Angel rose to her feet and walked to the door. Opening it, Angel was faced with a new, glittering world. A pristine blanket of snow covered everything, rising and falling gracefully with lines of the shrubbery and trees beneath. The air was icy and still—Angel’s breath rose in shimmering clouds around her as rays of light from the emerging sun danced across the landscape.
“That’s something to see,” Nathan breathed from beside Angel. He had come to stand beside her, almost without her noticing. Angel nodded without speaking.
“I’m sorry we’re snowed in,” Nathan said.
Angel gazed out across the blinding landscape. She knew that sooner or later she and Nathan would have to leave the cabin. Sooner or later she would have to go to town. Sooner or later the rumors—and truths—that had been chasing her would find her and catch her, even here.
But today was not that day.
Today, again, she would pretend.
***
Milking Bossy, the cow, was one task Nathan had decided Angel would safely be able to handle. Despite her initial trepidation, Nathan turned out to be right. Angel soon found taking care of the milk cow to be a relaxing, if somewhat methodical, chore, although she had raised an eyebrow when Nathan first told her the milk cow’s name.
“Bossy?” she had asked, looking at the cow skeptically. The cow had seemed to shrug at her, as though to say she could think of no reason to be named such, and then taken a mouthful of hay.
“Yep,” Nathan had responded, unconcerned. “Just keep an eye on her—sometimes when she’s switching her tail, it’ll catch the milk bucket.”
Angel had sat hesitantly on the milking stool and, with Nathan’s guidance, soon had manage
d a few weak streams of milk. It had been nothing like the frothy hiss that so rhythmically filled the metal pail when Nathan had demonstrated her new chore, but Angel had nonetheless felt a surprising sense of satisfaction.
“Don’t worry,” Nathan had told her. “You’ll get the hang of it quick enough.”
When Nathan had walked out of earshot, she had glanced up at Bossy, who’d turned to look at her.
“Bossy, huh,” Angel spoke. “You look more like a Bluebell to me.”
The milk cow had stopped twitching her tail. Angel smiled. Bluebell it was.
Now, Angel was used to their morning rhythm. She milked the cow while Nathan worked in the background, finishing the rest of the barn chores. The barn cat waited patiently for her share of the milk, and the chickens fussed.
Nathan walked up and laid his free hand against the milk cow’s back; the other held a pitchfork. “Hey, Bossy girl.”
Bluebell, who had been chewing her cud, turned her head toward Nathan and coughed, covering him with a spray of moisture. He grimaced as he wiped a hand on his pants.

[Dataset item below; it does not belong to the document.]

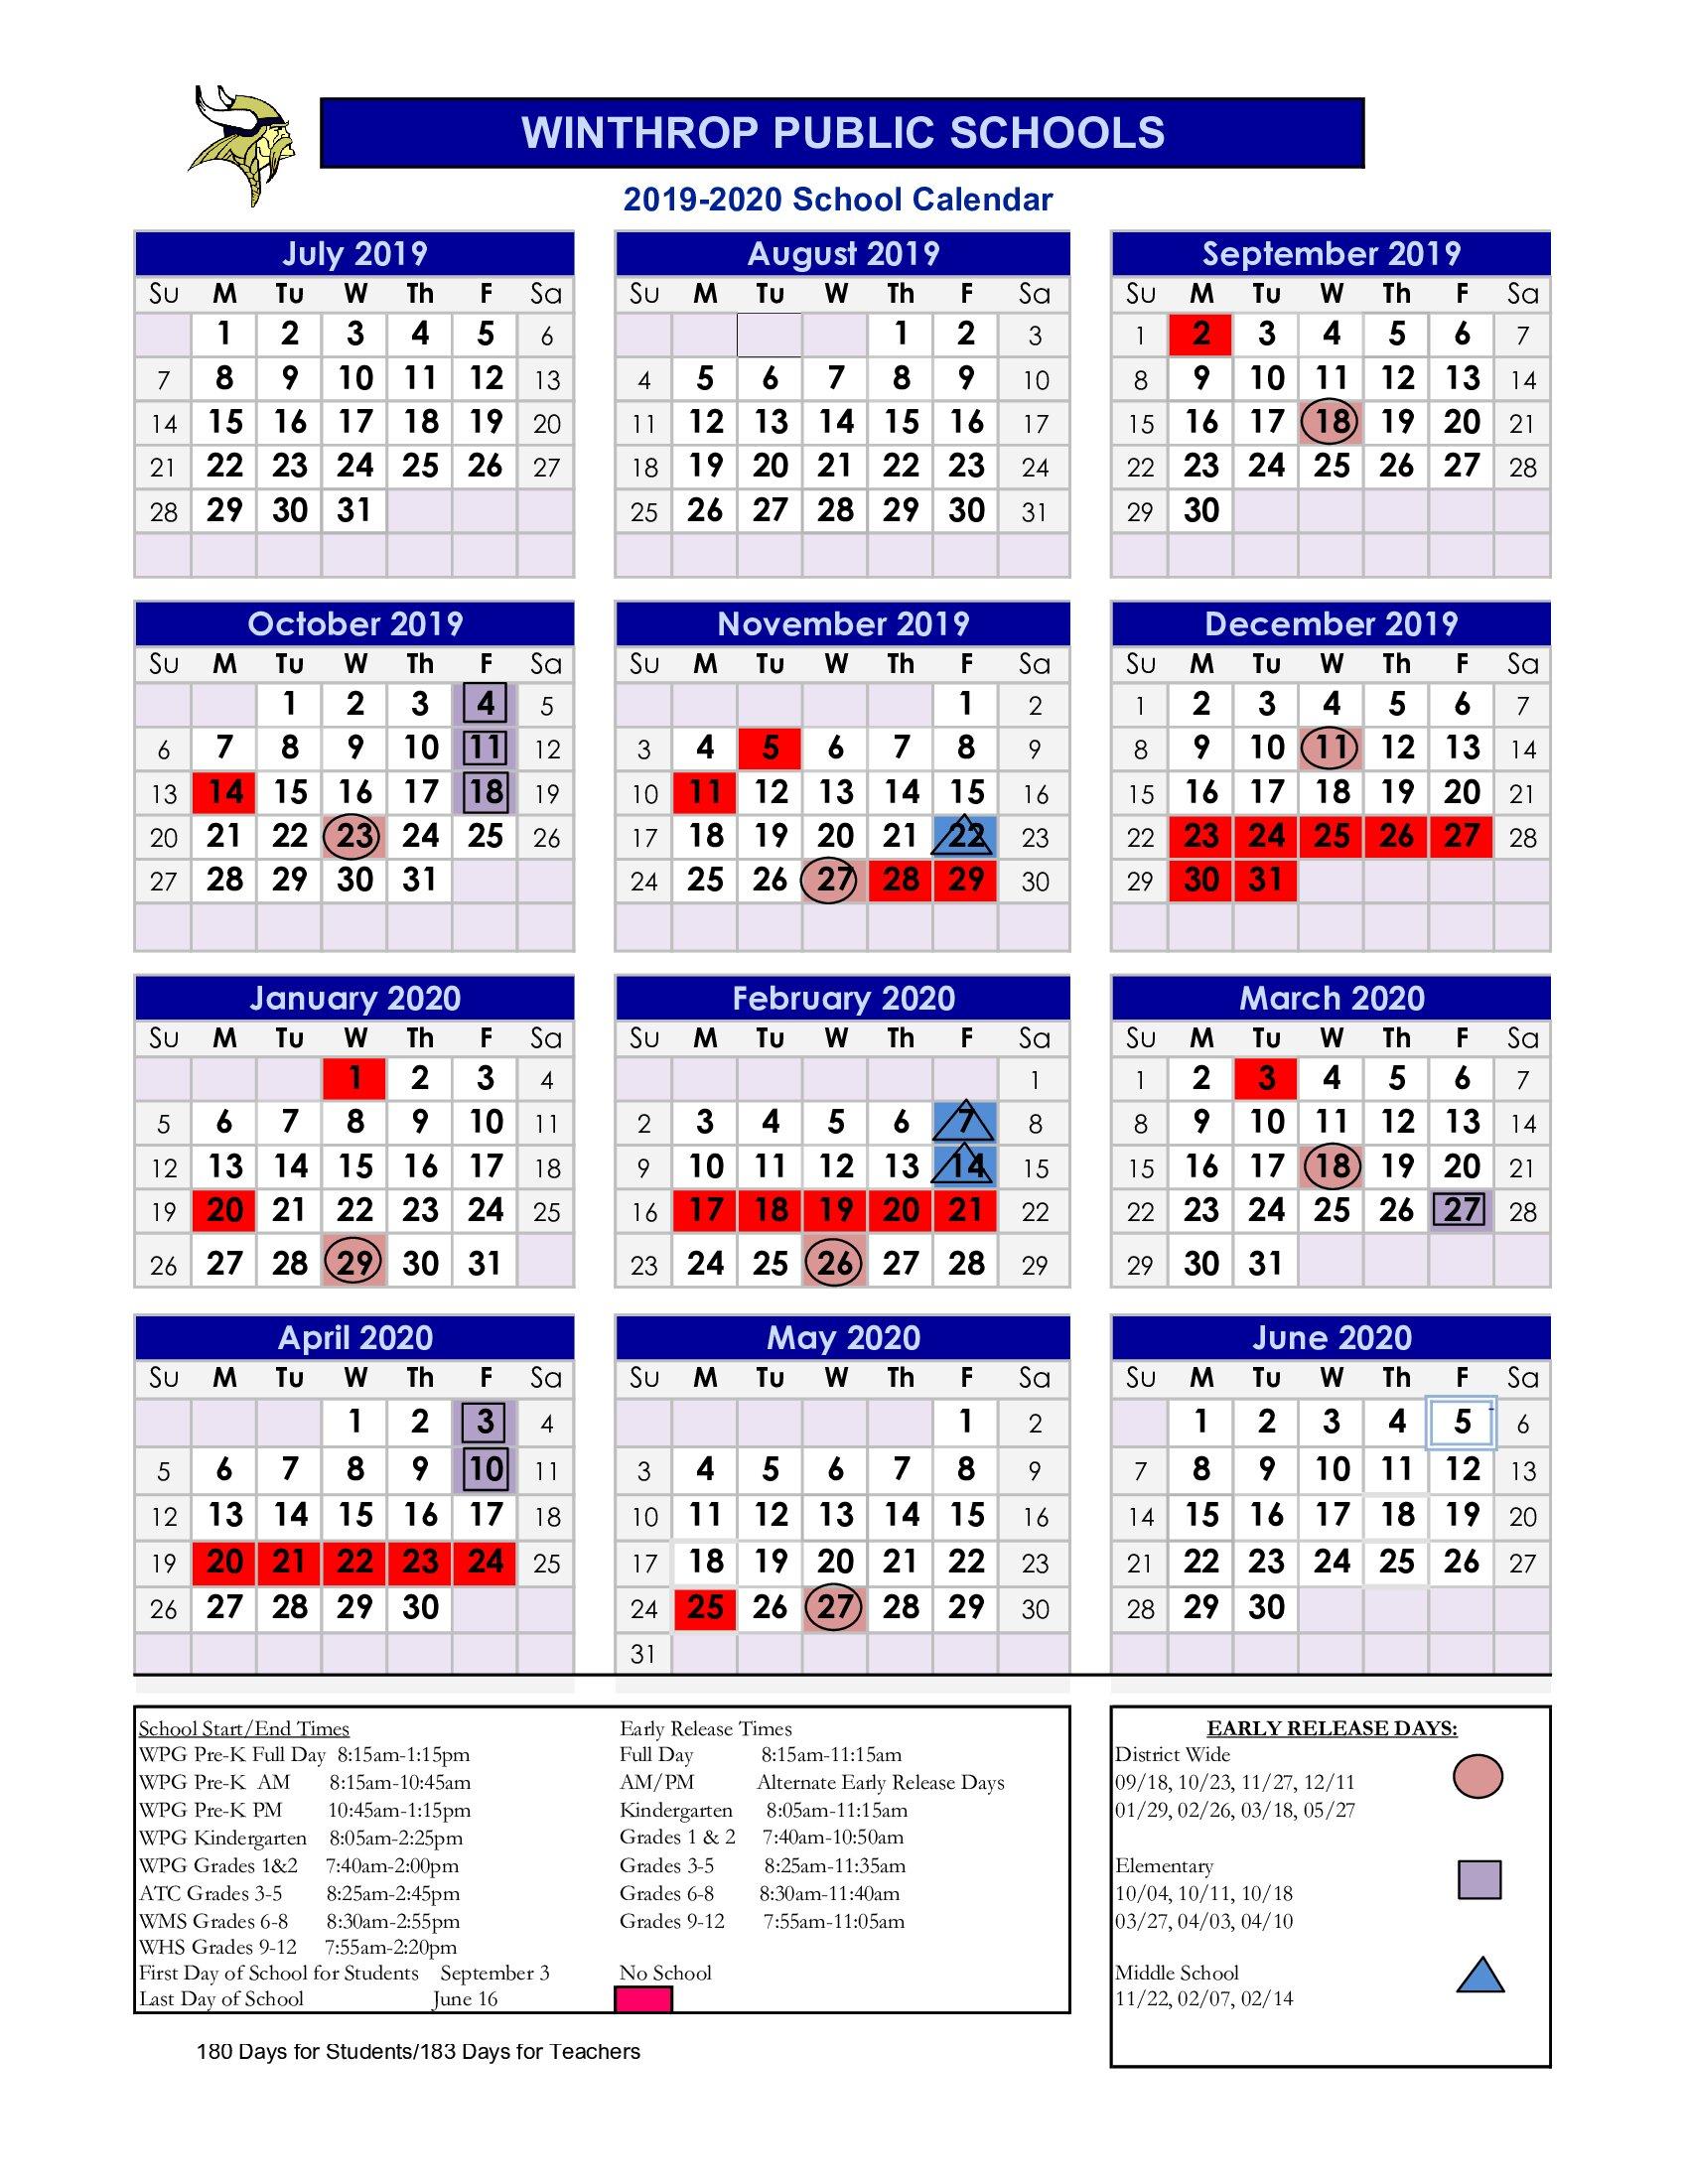 Winthrop Calendar 2019 2019   2020 School Calendar / calendario /calendário / التقويم المدرسي
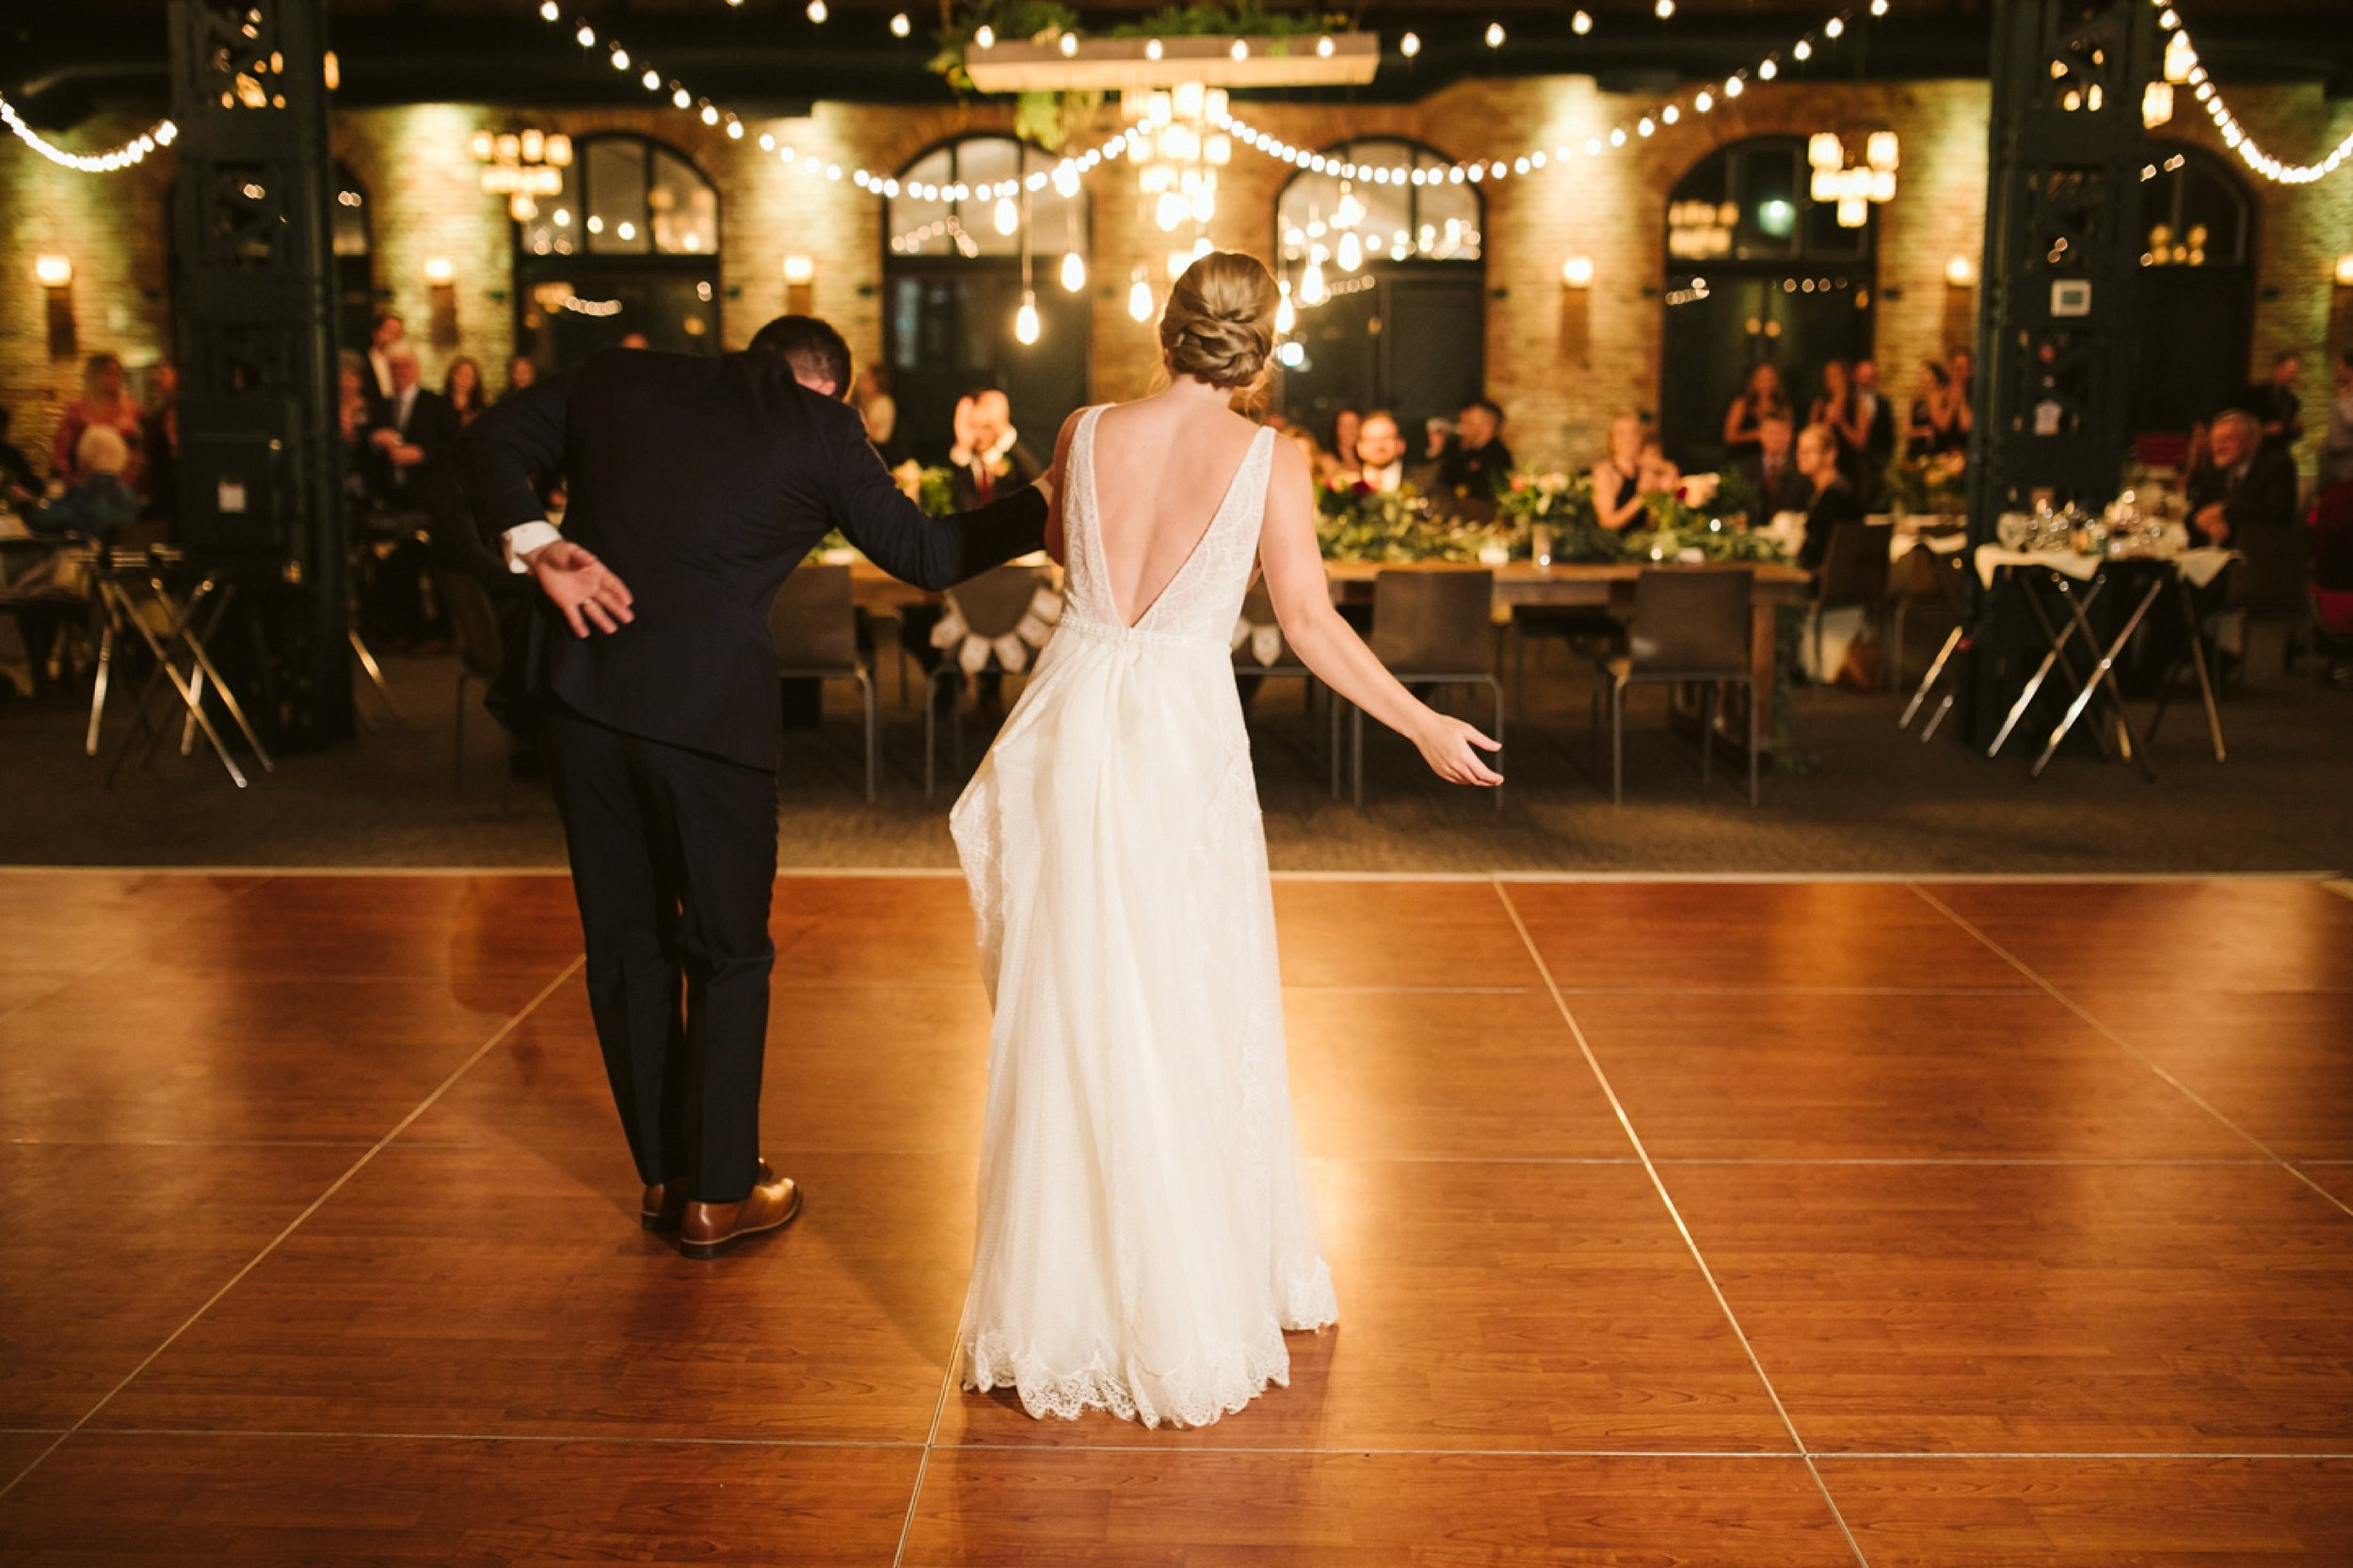 Nicollet-Island-Pavilion-Minneapolis-September-Coral-Navy-Wedding-172.jpg

“She likes the name Bluebell better,” Angel told him without looking up from the milk pail. Bluebell turned her head to look at Angel, then mooed a soft rumble as though she were comforting a calf, and Angel rubbed the milk cow’s side affectionately.
“Bluebell, huh?” Nathan asked. “I think she just likes you better.”
“Probably because I don’t call her bossy.”
Nathan chuckled and leaned against the pitchfork. “Maybe so.”
***
Nathan had known the barn cat was due to have a litter of kittens for several weeks, so when five multicolored balls of fur suddenly appeared in the barn one day, he was not surprised. What did surprise him was how quickly Angel became attached to each of the kittens. She loved watching them play or sitting with them in her lap while she stroked their fur and they purred.
Nathan knew that, practically, he couldn’t keep all of the cats around, and if Angel hadn’t been there, he would likely have followed convention and simply drowned the kittens in the creek. But as he sat beside Angel and scratched the ears of the lone kitten—a white one with black on his ears and paws—that had chosen to sit with Nathan, he couldn’t bring himself to follow through on that idea. He knew that if he did, Angel would never forgive him, and as much as he hated to admit it, Nathan was beginning to grow fond of the tiny kittens as well.